I was also able to learn beyond the classroom, visiting museums, monuments, and libraries. I was routinely humbled by the power of London’s tremendous cultural history. There were obvious places that I could not wait to visit, such as the Churchill War Rooms and the British Library. But it was the unplanned encounters that truly made London special. Walking down an ordinary street one day, for example, I was startled to find myself standing beneath the Edith Cavell Memorial, an incredible sculpture that pays tribute to Cavell’s heroism and sacrifice.

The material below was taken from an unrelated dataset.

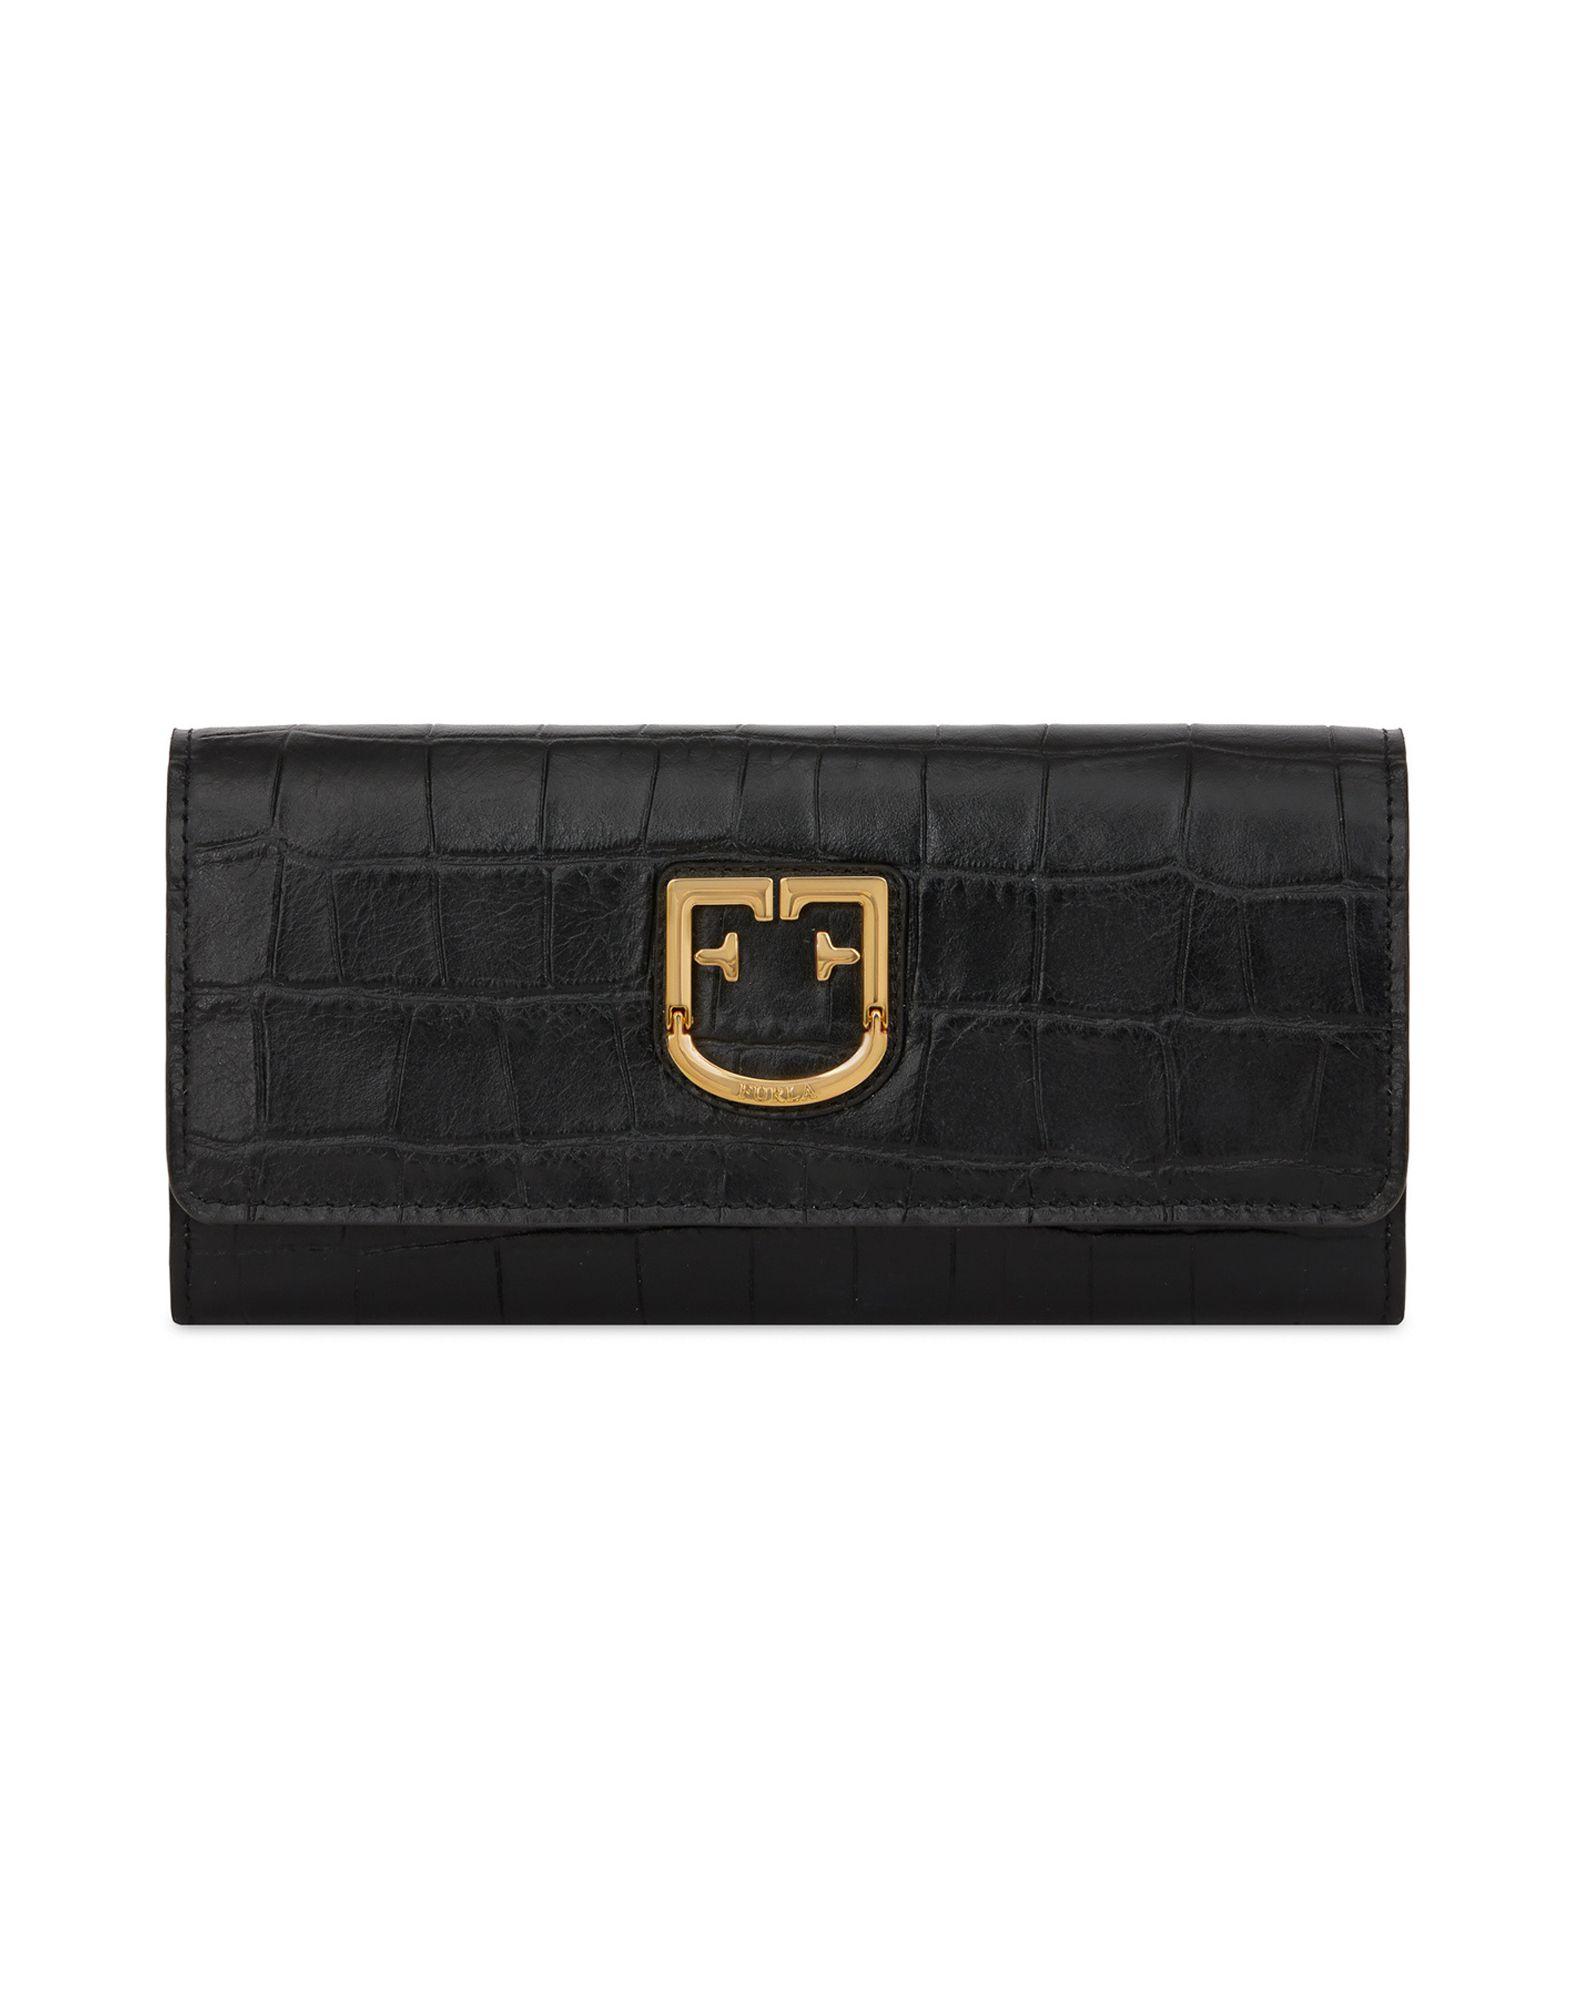 8709e7b4a797 《送料無料》FURLA レディース 財布 ブラック 革 100% FURLA BELVEDERE XL BI-
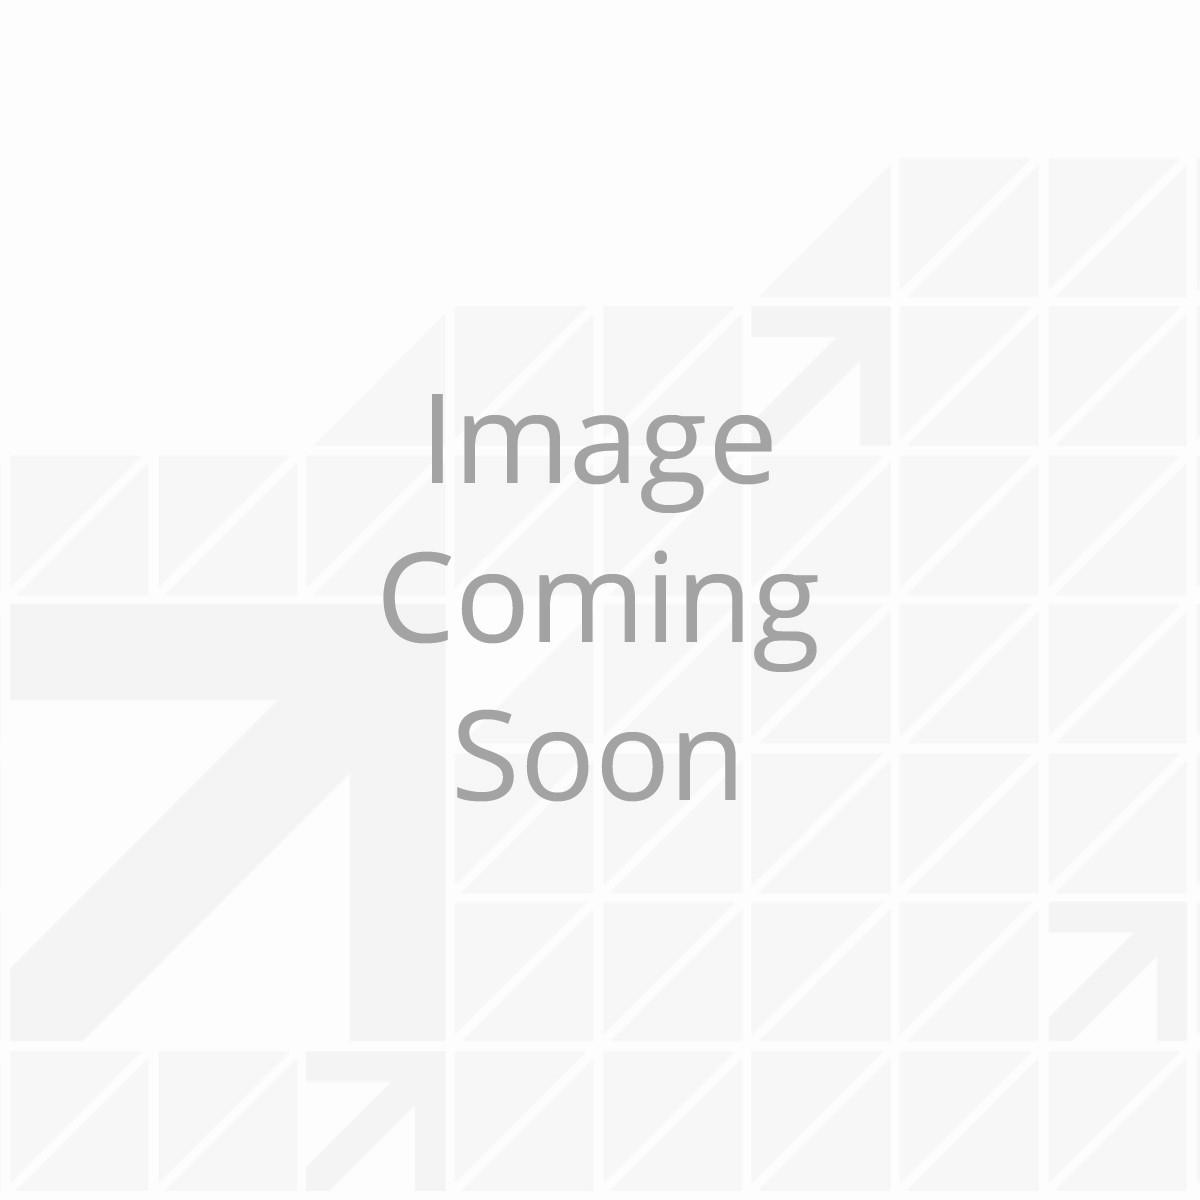 140998_Hex-Plug_001

Trevor in London 2 Perhaps even more cherished than the education I received were the friendships I made. On Thanksgiving Day, more than 3,500 miles from Philadelphia, as I mashed those potatoes, I thought about all that this experience had given me to be thankful for: for the knowledge I had gained from my professors at LSE; for my newly adopted home of London and its many gifts; for my friends, old and new, from Ireland, California, Saudi Arabia, England, Maryland, Nigeria, and Georgia; and for the three different types of roll Gareth had brought to Thanksgiving dinner because I forgot to respond to his text.

Looking back now on my time in London, I am most grateful for how that experience has informed my vision of the life I want to have once I graduate from Penn Carey Law: a life focused on work that I deeply care about, lived in a place that energizes me, filled with friends who support one other and encourage me to be a better version of myself—a life, ideally, packed with a tasty variety of carbs.